Growing California Agritourism Communities

Project Overview

Project Type: Professional Development Program
Funds awarded in 2017: $73,010.00
Projected End Date: 09/30/2019
Grant Recipient: University of California
Region: Western
State: California
Principal Investigator:

Information Products


Not commodity specific


  • Education and Training: decision support system, demonstration, display, extension, farmer to farmer, mentoring, networking, technical assistance, workshop
  • Farm Business Management: agritourism, budgets/cost and returns, business planning, farmers' markets/farm stands, financial management, labor/employment, marketing management, new enterprise development, risk management, value added, whole farm planning
  • Sustainable Communities: analysis of personal/family life, community development, community planning, employment opportunities, infrastructure analysis, leadership development, new business opportunities, partnerships, public participation, public policy, quality of life, social capital, social networks, urban/rural integration


    California small-scale agricultural producers, due to lack of economies of scale, need to add value to their production activities to maintain the economic viability of their farms and ranches. As public interest in local food and sustainable farming practices increases, a growing number of producers are considering diversifying with agritourism operations. Agritourism operations are most successful as part
    of a supportive community that includes tourism professionals, county regulators, agricultural educators and other agritourism operators. This project will provide training, resources and peer support to committed agricultural educators (including NRCS and RCD), government staff, agritourism association leaders and tourism professionals as they train producers in agritourism and develop supportive agritourism communities. Fifty participants, including 24 selected agricultural educators (12 in each region) who commit to offering workshops or other agritourism education for producers, will be invited to participate in the intensive two-day workshops, and will be provided curricula and follow-up support as they share the knowledge, skills and tools with their clients and communities. The workshops and
    farm tours will feature intimate discussions with experienced agritourism operators and agritourism trainers. Tools and resources created through this project will include activity-specific agritourism planning guides, California-oriented issue presentations for educators adapted from the Training Modules of the Extension Training for Agritourism Development project published online by Rutgers University Extension, and a directory of California agritourism support resources and organizations. The project will result in increased agritourism training opportunities and resources for California producers and an increase in the number of agritourism supportive communities.

    Project objectives:

    Goals and Objectives:
    The long-term goal of this project is the development of twenty clusters of profitable California agritourism operations that sustain producers and educate visitors about sustainable agriculture, are supported by the local agricultural and tourism communities, and contribute to the economic development of their communities.  Specific short-term project objectives are:

    1. Increased confidence among 50 project participants in their ability to train and support producers in developing and promoting profitable agritourism operations by the end of the workshops.
    2. At least ten project participants will begin organizing agritourism planning workshops for producers in their communities by the end of the project.
    3. At least 30 project participants will participate in organizing agritourism development, support or promotional activities in their communities by the end of the project timeline.
    4. At least 50 agricultural educators will increase their understanding of the opportunities and challenges of agritourism by downloading California agritourism issues presentations by the end of the project.
    5. At least 100 agricultural producers will download agritourism activity-specific planning guides and budget templates by the end of the project.

    Medium-term objectives (one year after the end of the project) are:

    1. 200 California agricultural producers will participate in agritourism planning workshops organized by project participants
    2. At least twenty project participants will report being involved in ongoing agritourism development, support or promotional activities in their communities.
    3. At least ten additional California agricultural educators or support professionals will begin organizing agritourism planning workshops for producers, using project-produced materials.
    4. At least 500 agricultural producers will download agritourism activity-specific planning guides and budget templates.

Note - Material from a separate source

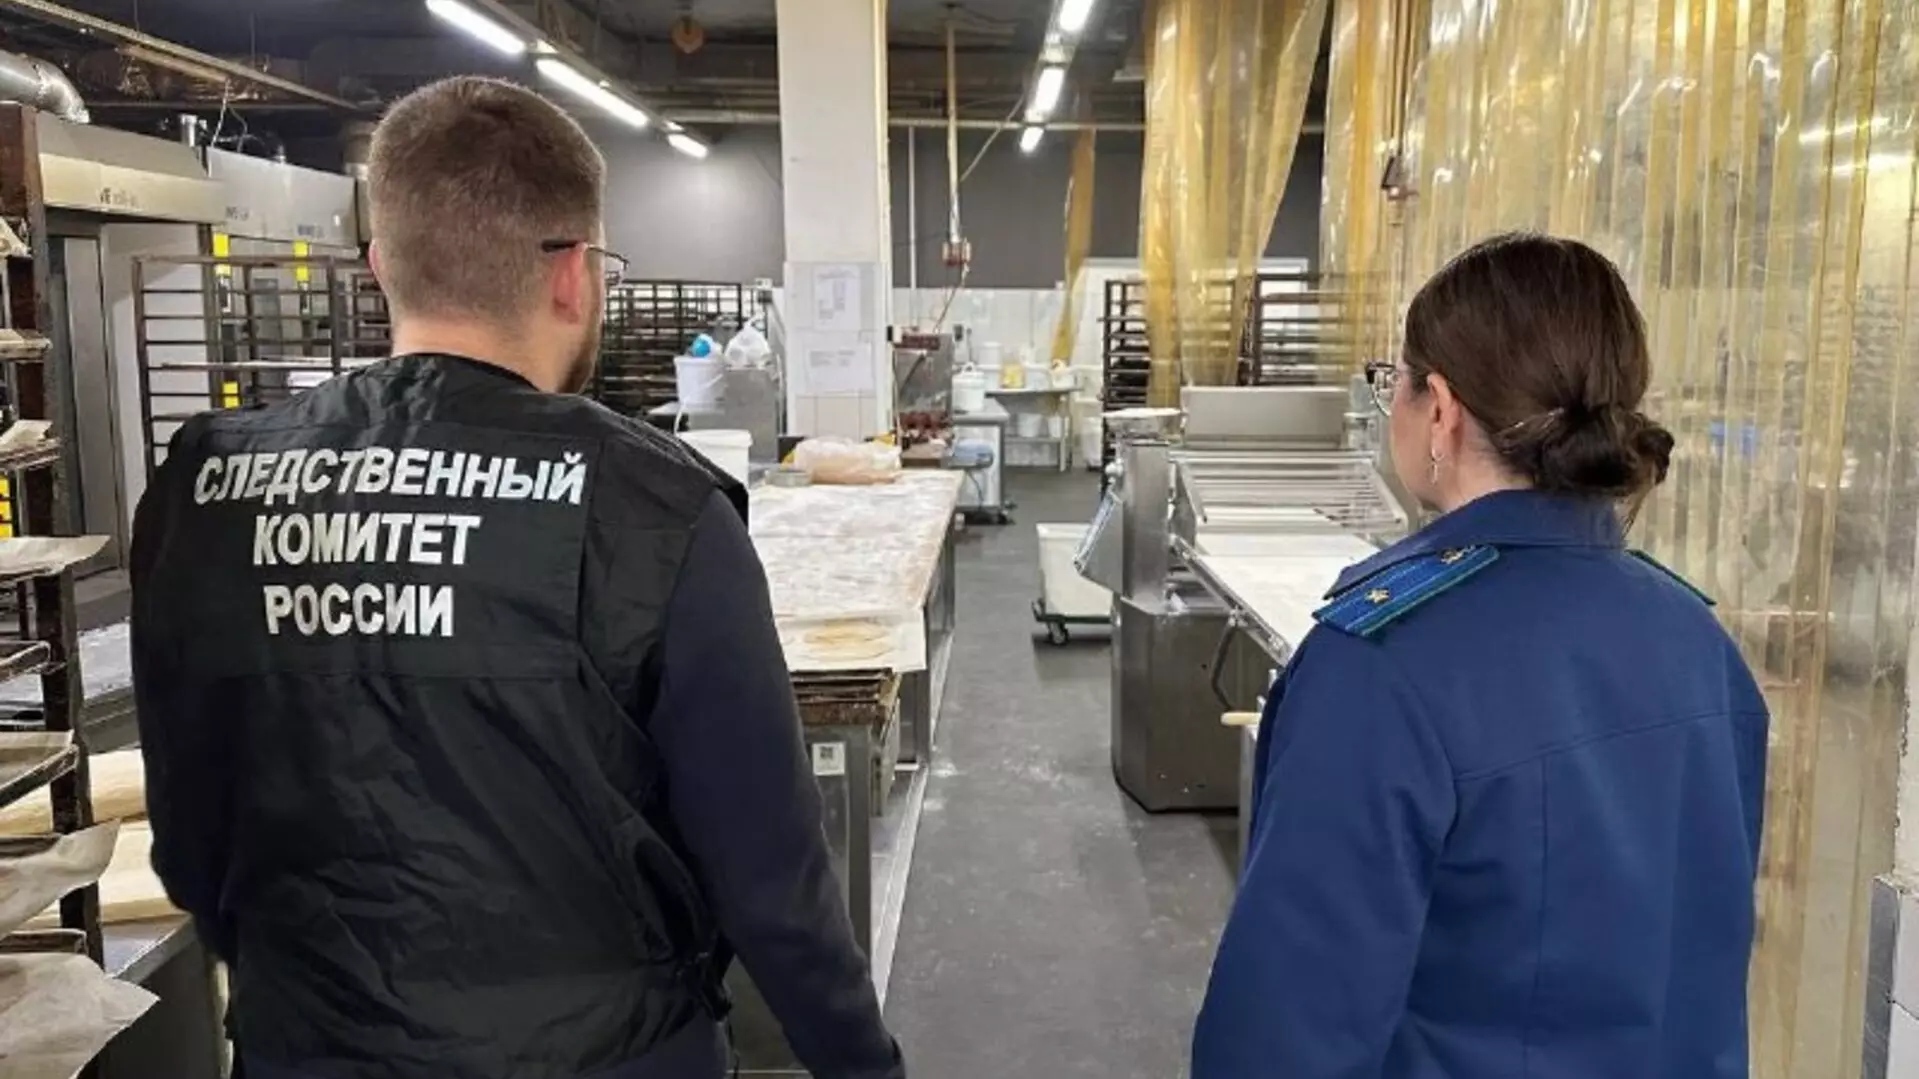 Кондитеры из «Кузины» пожаловались на невыплату зарплаты в Новосибирске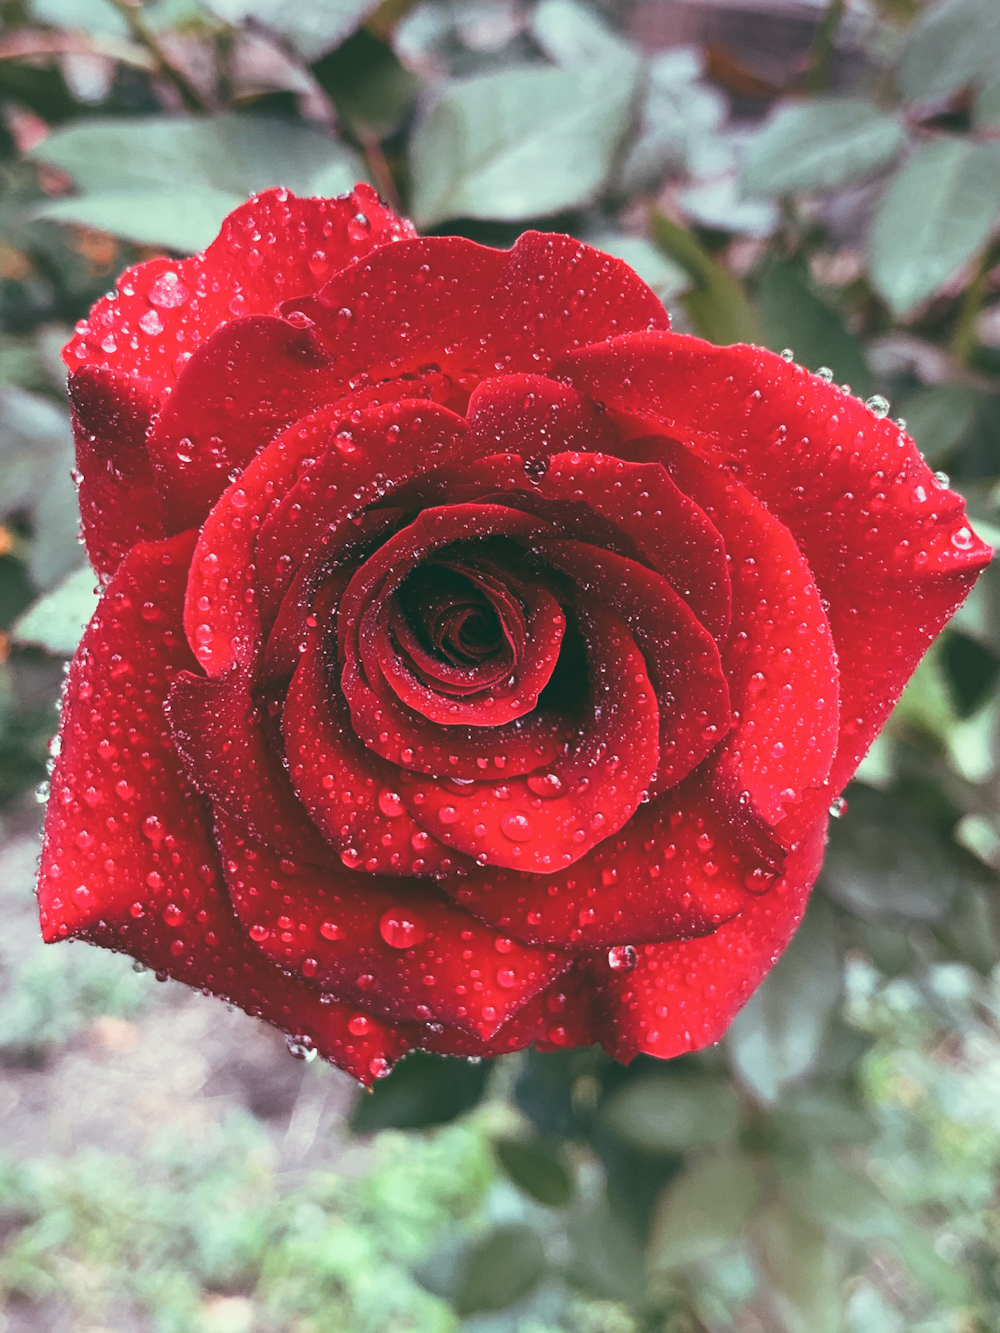 rosa vermelha em flor durante o dia

    Long-term objectives (two to four years after the end of the project) are:

    1. 12 California counties, within the past four years, will have revised zoning ordinances to ease entry by agricultural producers into the agritourism industry.
    2. 300 California farmers or ranchers will have started agritourism operations within the past four years
    3. 30 California visitors bureaus will have increased promotion of regional agritourism operations and report increased public interest in agritourism activities.
    4. 10 new producer-based agritourism associations will be thriving, each with at least seven farmers or ranchers offering profitable agritourism activities, an internet marketing program, and support from local economic development and tourism professionals
    5. California agritourism operators will report average annual growth rates of ten percent in both agritourism revenues and numbers of visitors.
    6. Agritourism will be commonly understood among the California public to mean pleasurable and educational activities on California farms and ranches that helps sustain agricultural communities.
    Any opinions, findings, conclusions, or recommendations expressed in this publication are those of the author(s) and do not necessarily reflect the view of the U.S. Department of Agriculture or SARE.